O ministro negou, por outro lado, que o projecto terá marina para iates, “mas sim, cada hotel, seja o hotel protocolar do Estado ou o hotel privado, será implantado junto do canal marítimo da Chicala II e logicamente, por essa razão, deverão existir pequenas marinas para atracamento de pequenos barcos de recreio, junto aos restaurantes, tendo esta parte do projecto investimento privado.”

Manuel Tavares de Almeida disse que o projecto não será um condomínio fechado, mas um espaço público, com forte pendor turístico e um sistema de segurança.

“As vozes críticas que estavam contra a construção do Aproveitamento Hidroeléctrico de Capanda e, por isso, fizeram atrasar sobremaneira a sua conclusão, são as mesmas vozes que hoje reclamam que o país não tem energia”, acusou o ministro.

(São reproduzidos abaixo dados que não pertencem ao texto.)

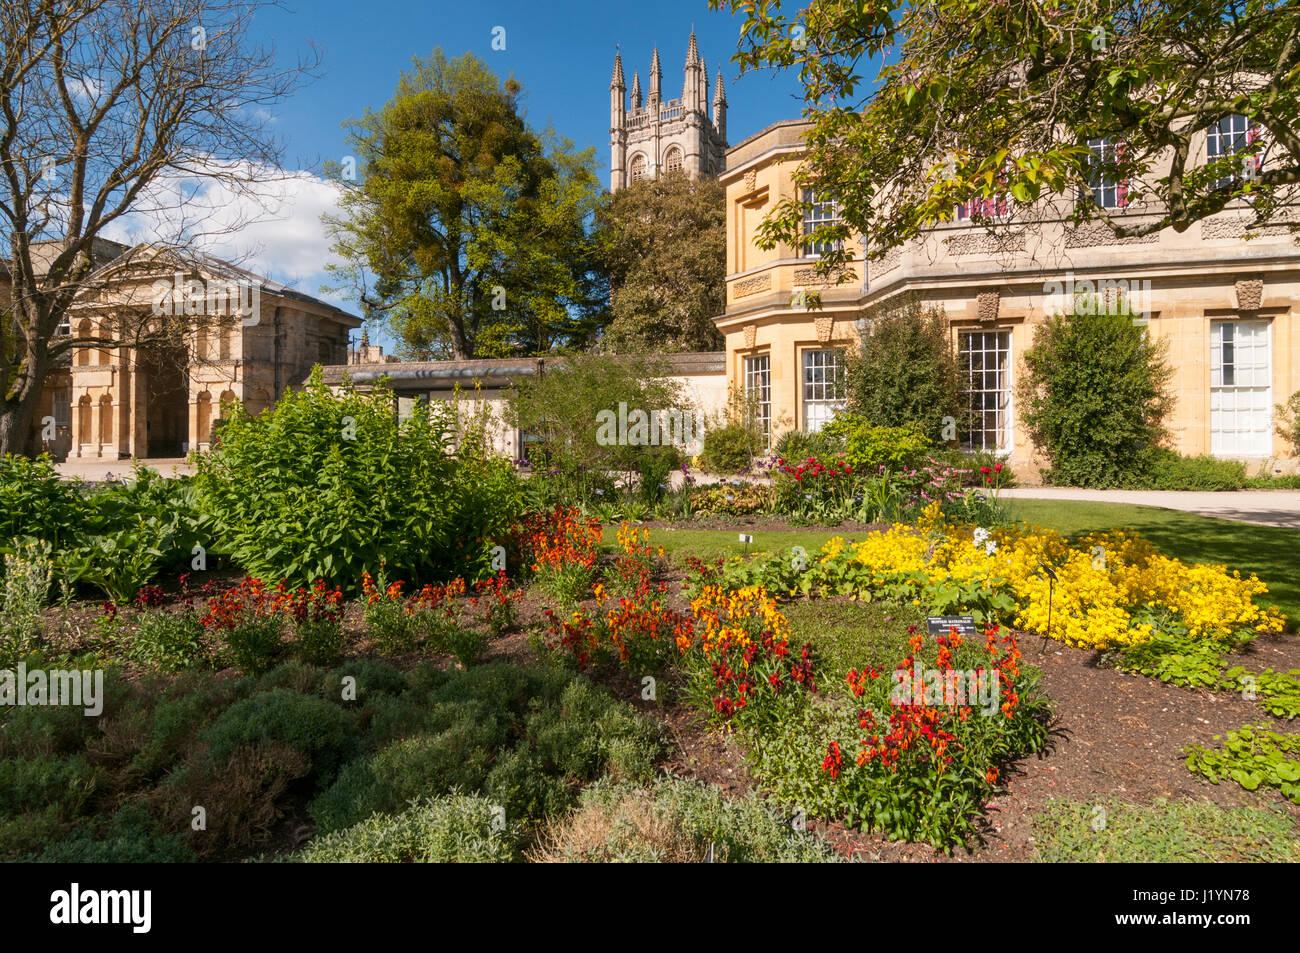 Oxford, Oxfordshire, UK. 22nd Apr, 2017. UK Weather, Oxford, Oxfordshire, UK. 22nd April 2017, People enjoy sunny Stock Photo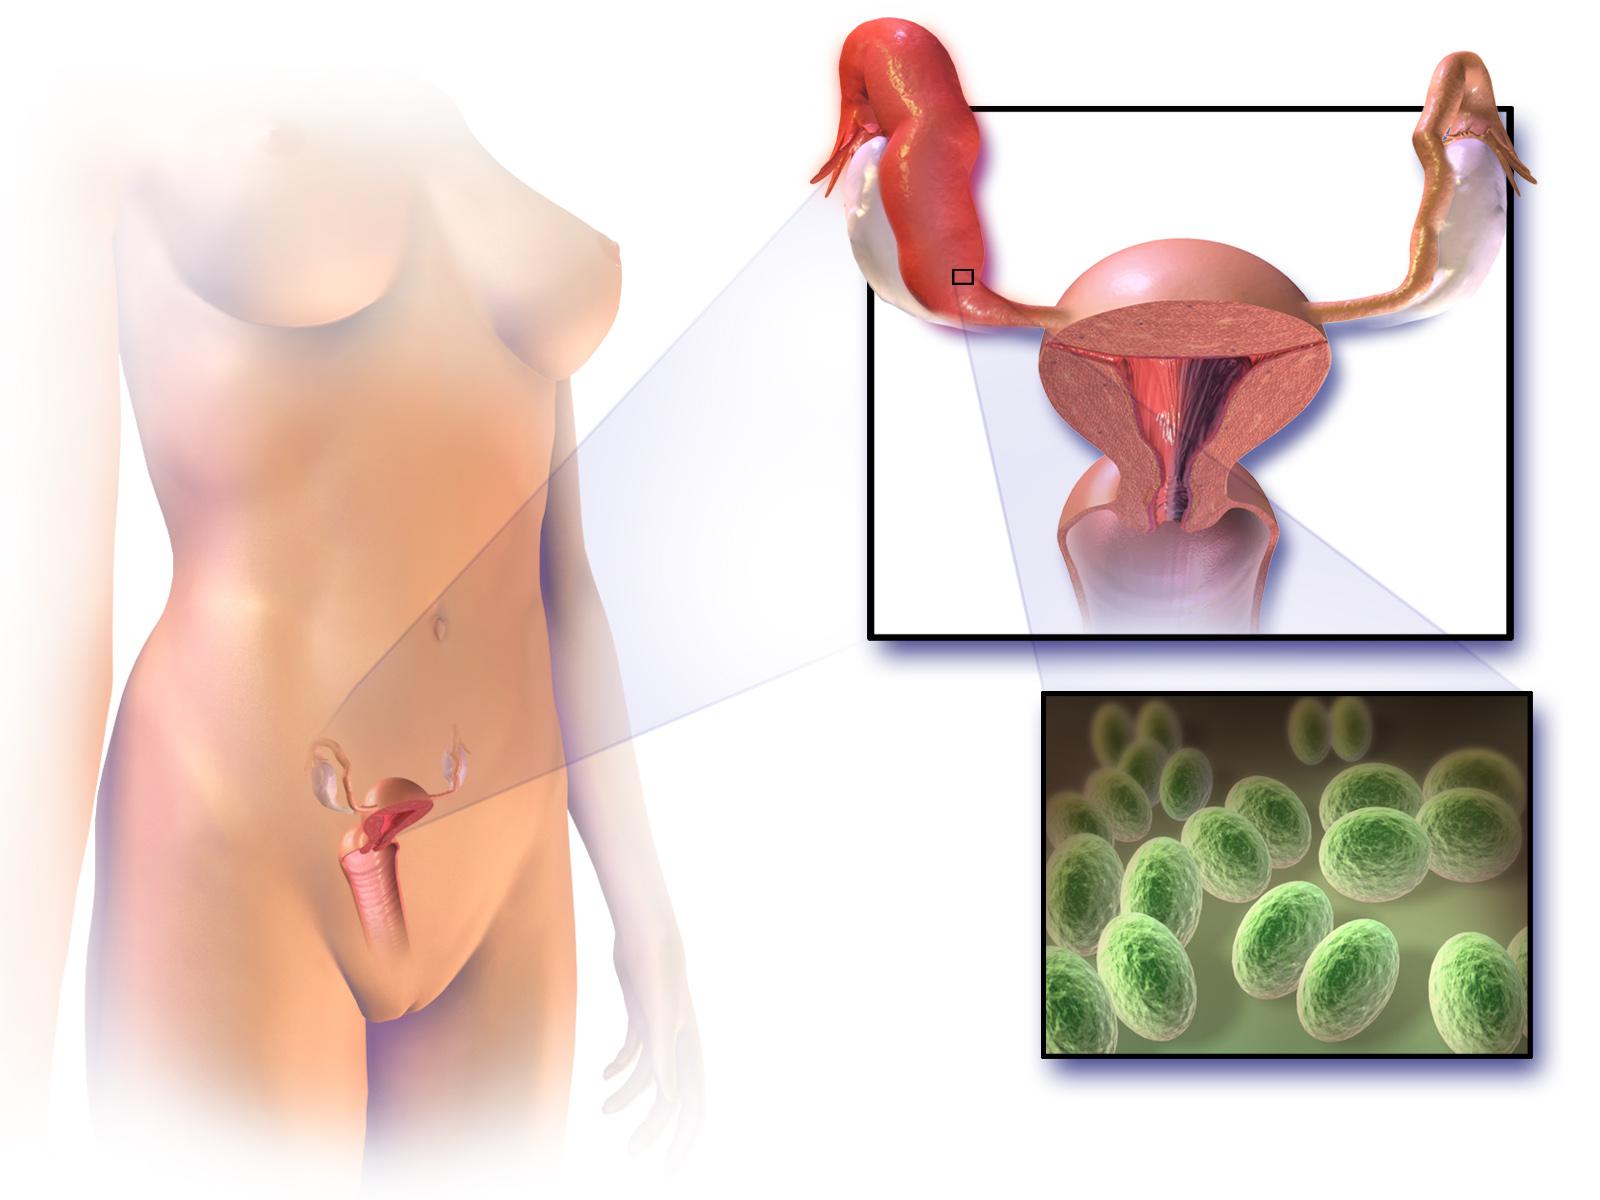 Применение препарата «жанин» при миоме матки

Afirmou também que “as vozes críticas que permanentemente estiveram contra a construção de refinarias em Angola alimentaram durante todo este tempo os interesses dos grupos que vivem da transformação do nosso petróleo bruto no exterior.”

Segundo o ministro, a pressão sobre o Governo angolano fez adiar a construção da Refinaria do Lobito: “Essas mesmas vozes, hoje, condenam o Governo de Angola, dizendo que não se compreende que um país que é o segundo maior produtor em África ainda tem de importar os refinados do petróleo.”

O ministro assinalou ter havido também alguma incoerência na abordagem técnica do projecto Centro Político e Administrativo, muitas das quais taxando o projecto um luxo.

“Isto não corresponde à verdade, pois os projectos executivos ainda não foram desenvolvidos e as edificações previstas serão normais, para cumprir as suas funções de instituição do Estado”, disse o ministro da Construção e Obras Públicas, Manuel Tavares de Almeida.

O governante acrescentou que a mobilidade estará assegurada, quer pelas marginais Sudoeste e da zona da Corimba, quer pelas vias internas do projecto e parques de estacionamento.

Manuel Tavares de Almeida disse ser “mera especulação” considerar um luxo a construção de edifícios com condições tecnológicas e adequadas para a sua funcionalidade.

“É evidente que há outros programas mais importantes que este projecto e são de facto prioritários. Esses programas já estão em curso e devemos aguardar os resultados”, aconselhou o ministro da Construção e Obras Públicas.

Após o anúncio do projecto, cidadãos manifestaram o seu desagrado nas redes sociais em relação aos critérios de prioridade umbilical do Governo em que, mais uma vez, o importante são os poucos que têm milhões e não os milhões que têm pouco ou… nada.

Legenda: São muitos os angolanos que querem ajudar a construir o Bairro do MPLA.